I was not healthy in most ways. Weight Watchers had taught me a lot about portions, good fats, drinking enough water, etc. but I was also using sugar substitutes, starving myself if I wanted to have birthday cake that night, and obsessing over everything I put in my mouth. I was not really exercising just restricting my food. Yes I learned some things about cooking and eating healthier, I was also super annoying about where I ate and what and cried a lot because I wouldn’t allow myself to eat what I wanted.

At this time I was also living with chronic pain. I had lower back and abdominal cramping and pain daily. I sat with a heating pad on my mid section on most days and had a lot of stomach issues. Turns out I had a cyst on my ovary that was very angry and endometriosis. It took many months of me getting ultrasounds, images taken of my mid-section, etc. for this to be diagnosed. My periods were unbearable and heavy and I was miserable most of the time.

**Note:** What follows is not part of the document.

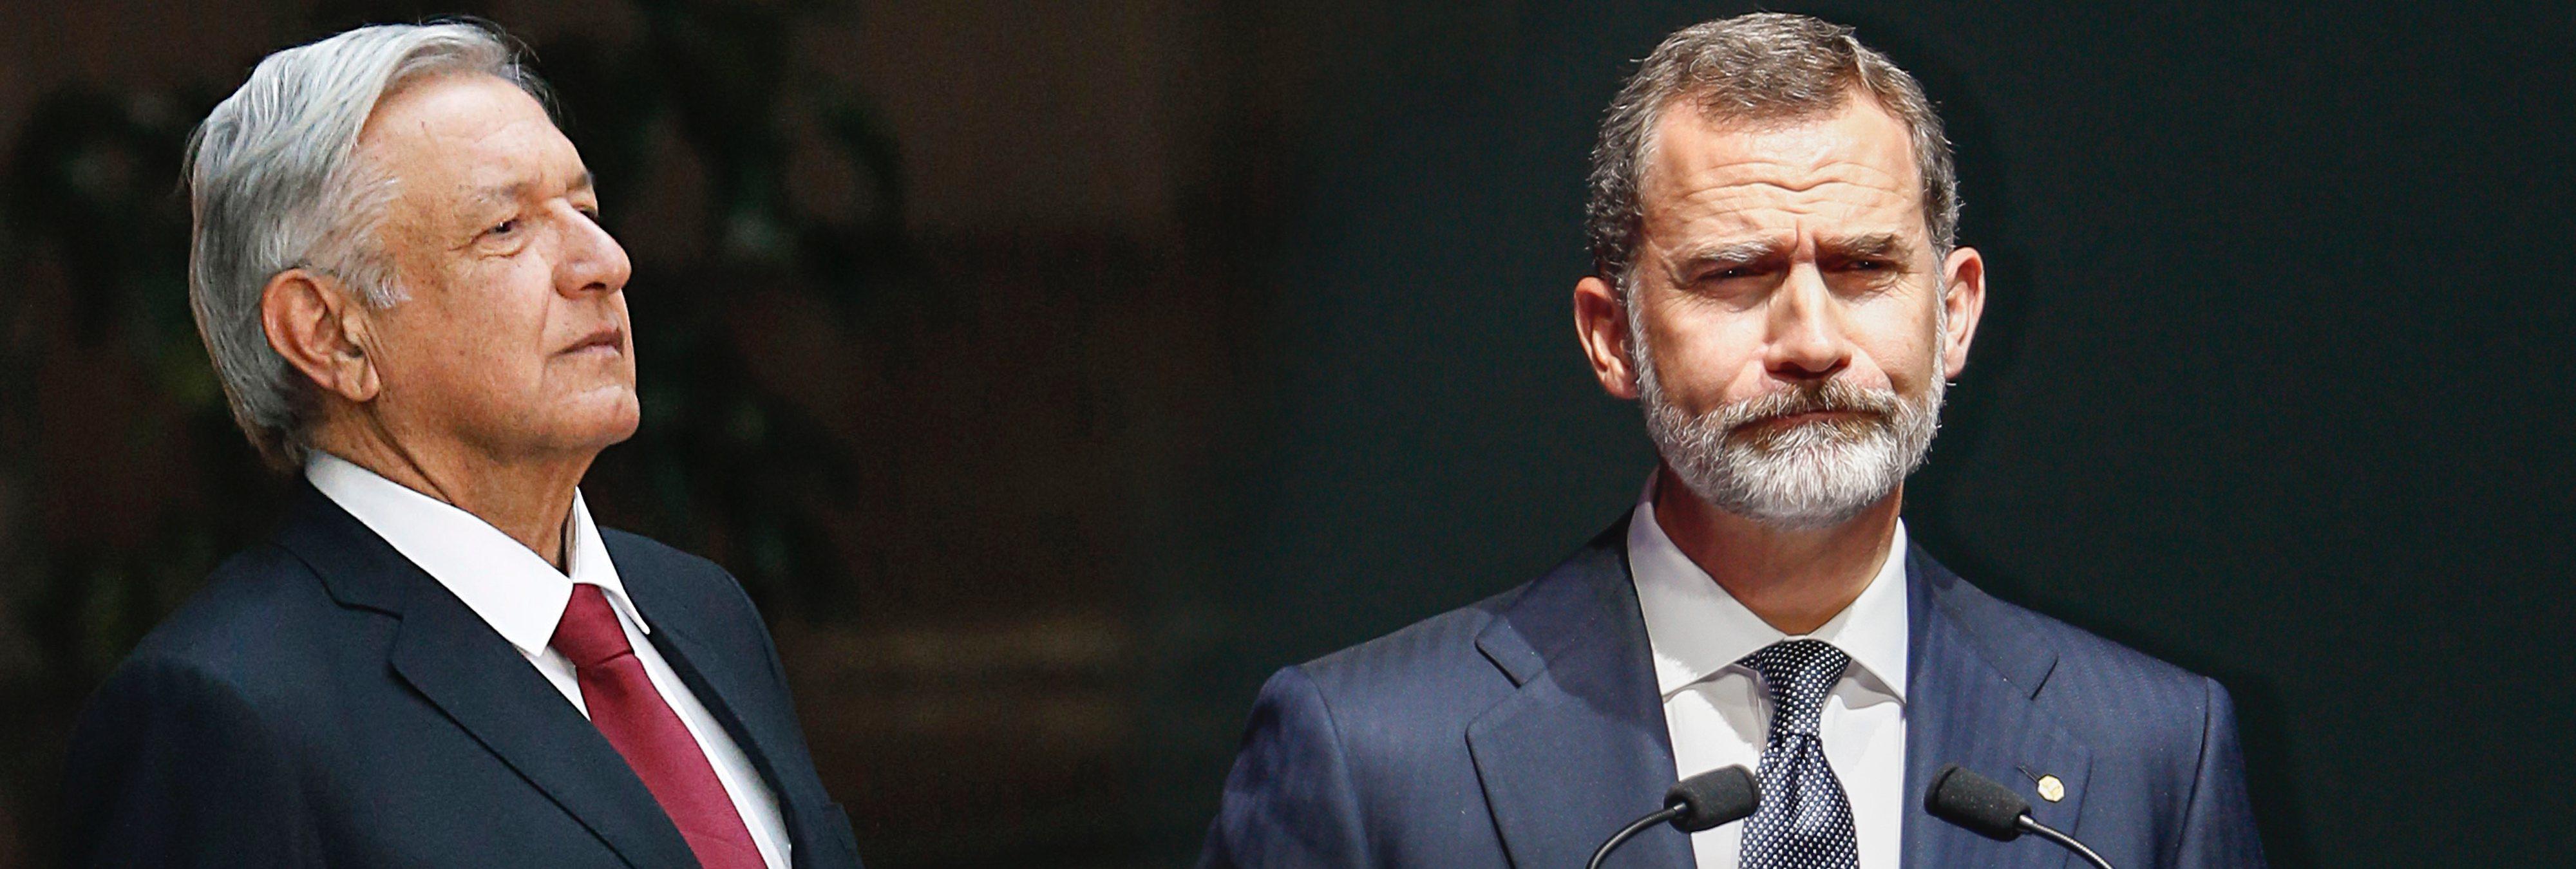 México pide al rey de España que se disculpe por las conquistas de hace 500 años

So I had surgery to remove the cyst one week before this picture was taken. SURGERY-to remove a part of my body. I remember asking the doctor if I could travel because we had planned to drive to St. Louis Missouri for thanksgiving to be with family. I remember the doctor looking at me strangely and saying “you can if you want to”. It had not occurred to me that we wouldn’t. One week was enough. I could do this. I could rally.

My restrictions were that I had to rest, not drive, not lift anything heavy, and not do stairs or do anything strenuous like sweeping, vacuuming, or carrying laundry baskets up stairs. I allowed myself two days of rest. I slept in a chair and let others care for myself and my children. After that I started testing and pushing what I was supposed to do. I started doing housework, I was going up and down the stairs, etc.

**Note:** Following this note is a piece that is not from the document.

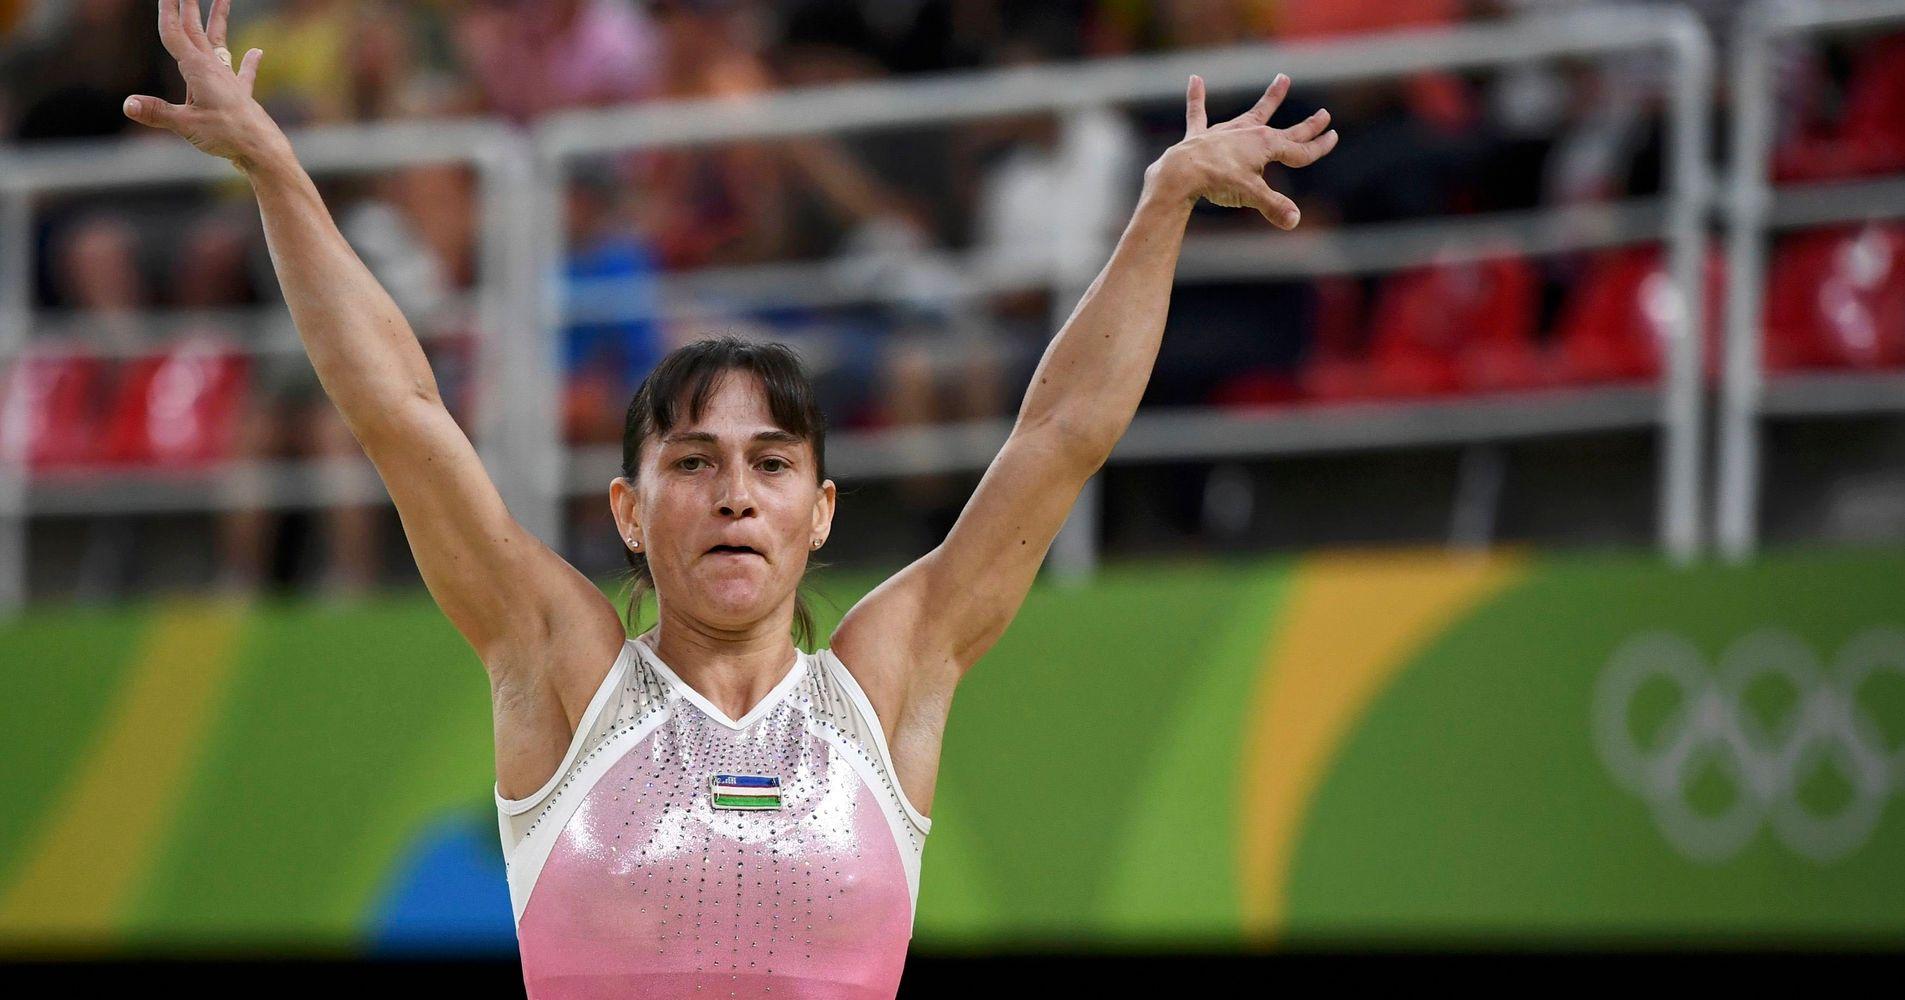 Watch 41 Year Old Gymnast Oksana Chusovitina Slay Her

Less than a week after surgery, we were in the car headed to St. Louis. I was in a lot of pain. I couldn’t take the pain meds the doctor gave me because they made me dizzy and nauseous. So I had my heating pad, my pillows and my Advil. I was supposed to wear loose fitting clothing. Nothing like jeans that could pull at or irritate my stitches.

The first time I really broke the rules my doctor gave me was at a rest stop on the way when I lifted my two year old daughter onto the toilet. I felt immediate pain and regretted it. But I thought, what am I going to do? She cannot reach the toilet herself. It never occurred to me to ask my other child to help or to have her go with my husband.

This continued. We were potty training twin two year olds. I lifted them on and off the toilet that whole trip. And I was in pain and I was bleeding more than I should have been because of it. Also that trip, I did not rest. I went to a park, a children’s museum, out to eat, and to get family pictures taken. Just before this picture was taken, I had taken my child to the bathroom, which meant I lifted her up. I had started bleeding an alarming amount in the bathroom but just doubled up on pads and vowed to take it easy.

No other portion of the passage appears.